The Restoule-created floodgates have opened. The Supreme Court of Canada Must Close Them.

Political decay is besetting Canada today.

Some of the causes include identity politics, institutional inertia and rent-seeking Indigenous groups seeking, and being ceded, control of public policy and resources.

On December 21st, 2018, the Ontario Superior Court of Justice, in its unprecedented, de-stabilizing Restoule vs. Ontario and Canada decision, where these causes all came into play, ruled that Canada and Ontario were liable- 50-50- to pay to 21 Ontario Indian bands a share of all the revenue that Ontario has received – possibly going back to 1875– from all sales, leases and licenses of Crown lands, less Ontario’s expenses incurred in selling, regulating and collecting that revenue.

The trial judge, based on what she found was the Restoule bands’ “Indigenous perspective and worldview”, of which sharing was a principal feature, which sharing, she further found, governed their understanding and interpretation of the true nature of the treaties, that the treaties were land-sharing agreements rather than land surrender agreements. She concluded this even though it was contrary to the clear wording of the two 1850 Robinson treaties in issue, and contrary to 150 years of established, mutual “surrender” practice and behaviour.

The annuity clause in the treaties obligates the Crown to pay an annuity of $4 to each Restoule band member. A further clause states that the $4 might be increased from time to time, as “Her Majesty may be graciously pleased to order” (“the augmentation clause”). The unique augmentation clause, (none of the other treaties discussed below have one), was a main basis of the trial judge’s “sharing” ruling.

Ontario appealed the trial judgment. Canada, endorsing and personifying the causes of political decay listed above, did not.

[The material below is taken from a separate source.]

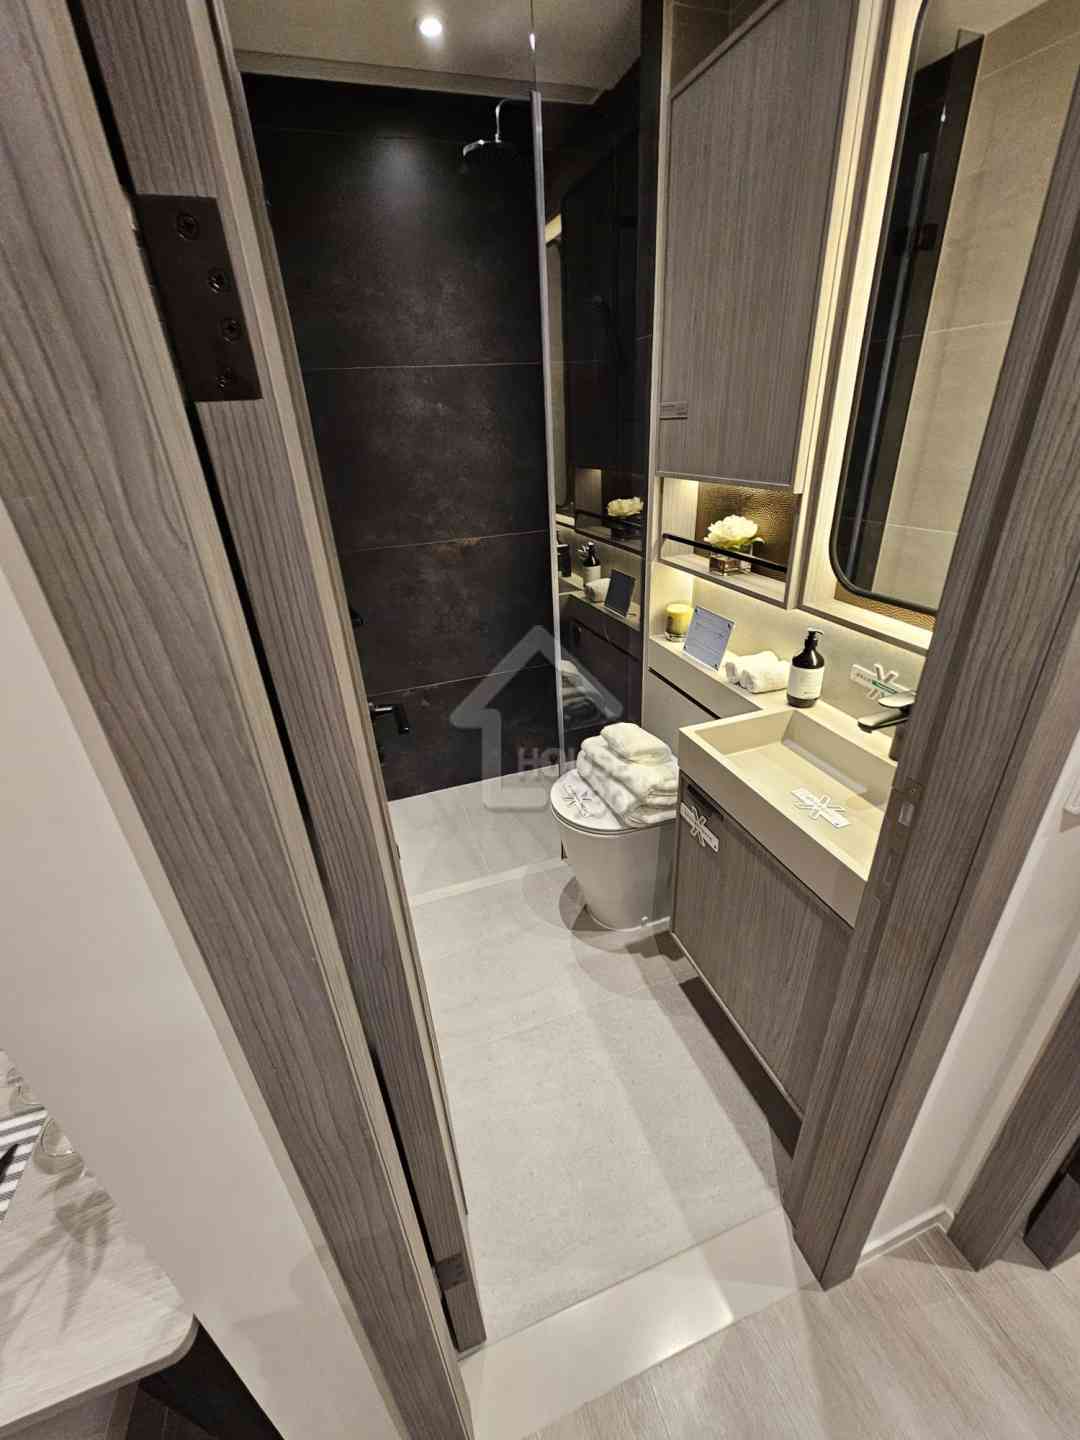 薈鳴經改動示範單位18樓A單位浴室。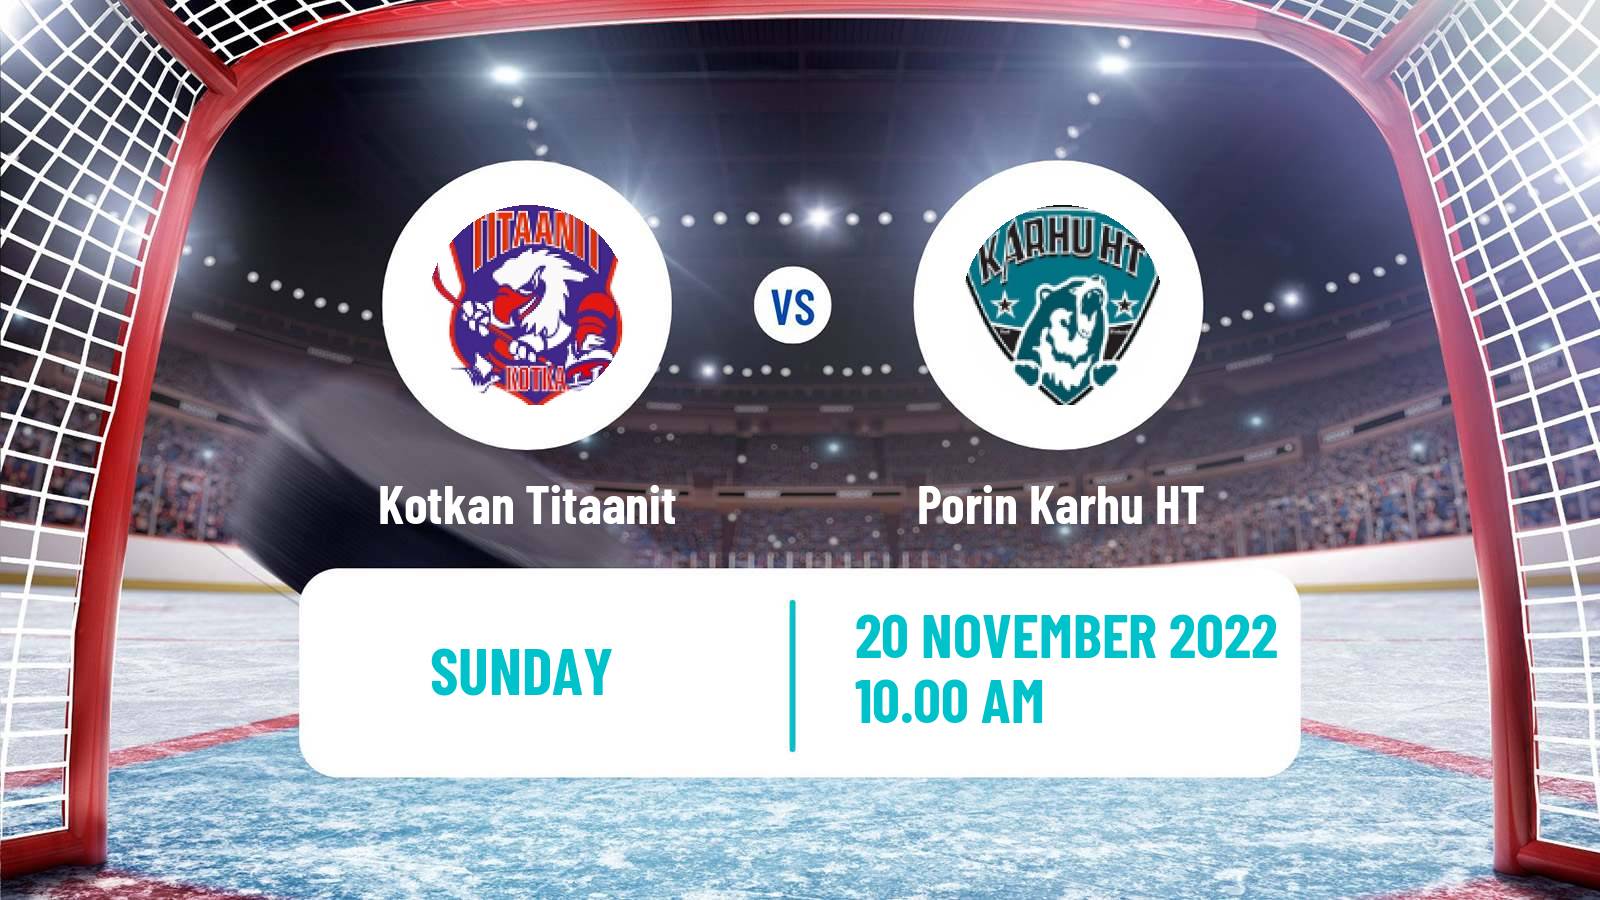 Hockey Finnish Suomi-sarja Kotkan Titaanit - Porin Karhu HT

The Ontario Court of Appeal, by a close 3-2 majority, upheld the bulk of the trial judgment.

The minority in the Court of Appeal ruled that the wording of the treaties was clear and should be respected. The treaties were in substance surrender agreements, not mandatory sharing agreements, the trial judge’s finding which the majority in the Court of Appeal let stand.

The minority ruled that the augmentation clause was entirely discretionary on the Crowns’ part. They used the words and phrases “unreasonable”, “distortion” (of the treaty language), “pure speculation” on the trial judge’s part (in relation to some alleged motivations and events at the time of the making of the treaties) and described her interpretation of the treaties generally as “strained and illogical.”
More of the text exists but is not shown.